她在旁边,别人就不会议论她,只能说别人家的事。
“赵家给赵迎弟相看人家呢。”
有个妇人压低声音说:“媒婆给说的男人我知道,是隔壁村的一个混子,爱喝酒打人,脑子也有点问题,聘礼长到了十两都没人嫁,附近人都知道没人愿意把姑娘往火坑里推,就这个赵老婆子见钱眼开……”
这妇人叹了口气:“迎弟嫁过去就没个好。”
有人接话:“赵老婆子这样迎弟她娘不管啊?”
张桂芝冷笑:“她?她现在一门心思都在肚子里那个身上哪里会管女儿?”
赵家的人品全村人都知道,女人们觉得男人就是天。
可她们的天很不争气。
他们不知道,大家对他们的笑话并不是因为他们没有儿子。
村里人大都重男轻女,因为古代男人确实可以有更多社会地位和权力,也是拉动社会发展的重要的劳动力。
可没人能像赵家那么奇葩极品。
“赵迎弟同意吗?”苏唯忽然问了一句。
树下闲聊
赵迎弟?
“她同不同意有什么要紧?父母之命,媒妁之言,还不是得听长辈的。”
一个妇人叹了口气,当年她也不喜欢她男人,不也这么嫁过来了,五年生了四个孩子,村里人人都夸她能干,说她有福气,可其中的辛苦只有她自己知道。
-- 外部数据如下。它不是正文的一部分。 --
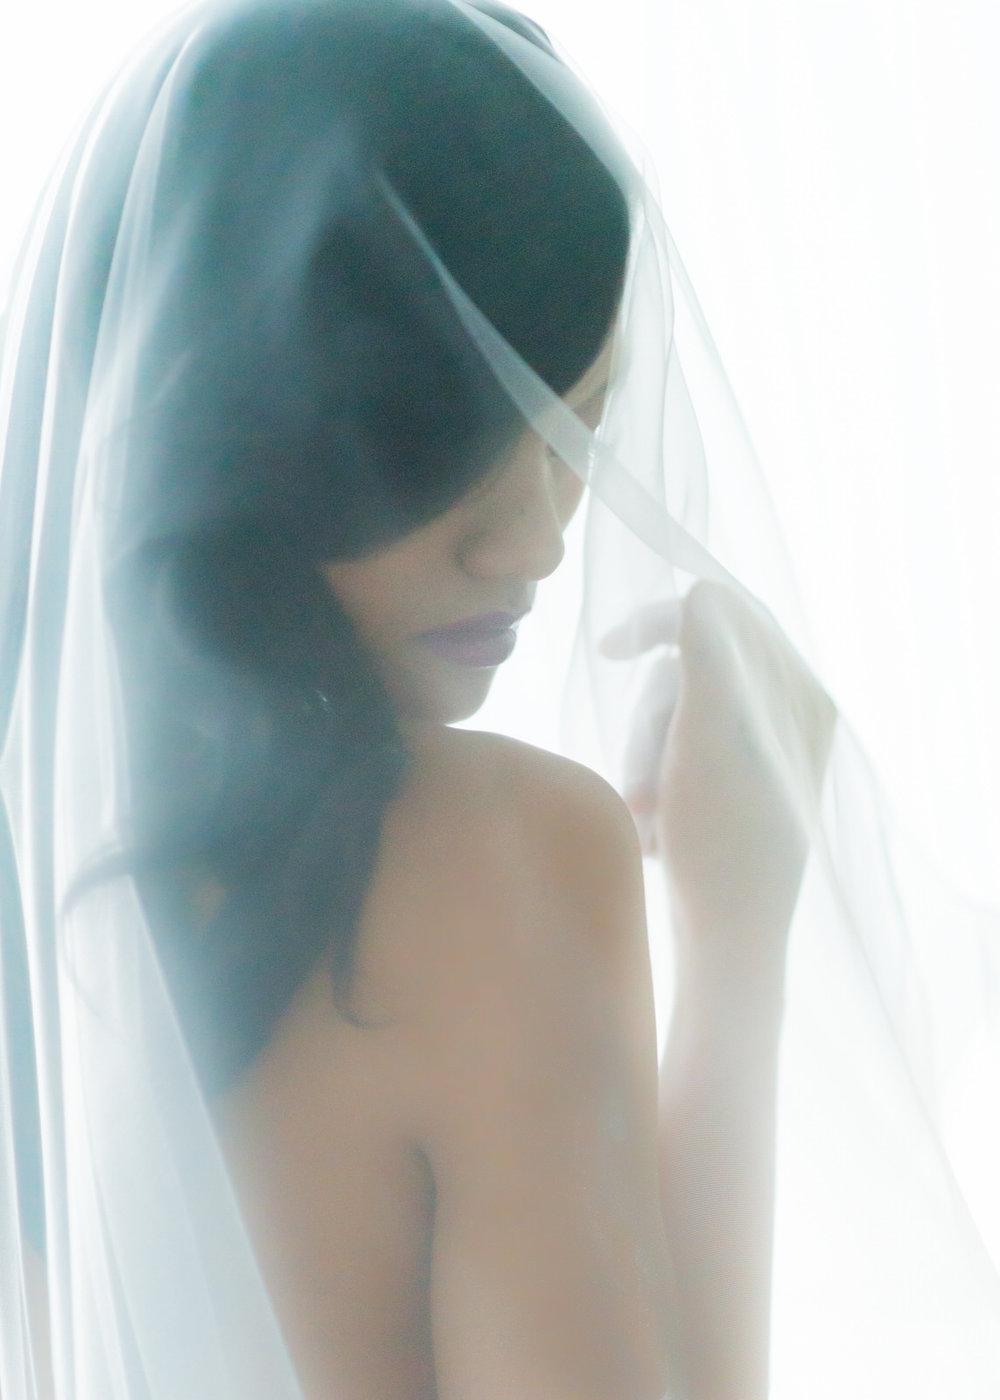 Bridal Boudoir Seattle Bride Veil Elegant Art Sophisticated.jpg

其他人也说:“迎弟娘就是个面糊,不敢反抗赵老婆子?更何况替赵迎弟说。”
“就是,没准她也巴不得拿赵迎弟出去换银子,给她肚子里的那个呢。”
苏唯听着不觉得好笑,她只觉得悲哀,古代女人连自己婚姻也做不了主,感觉像个物品。
她本来不想听下去了,可是赵母又晃悠来了,依旧是挺着肚子一脸得意的炫耀她肚子里的“儿子”又踢了她一脚。
苏唯就不明白了,明明她和赵老婆子也是女人,为什么还对女人恶意那么大?如果真的那么嫌弃女人,那她们不是应该先嫌弃自己?既然嫌弃自己为什么不去死。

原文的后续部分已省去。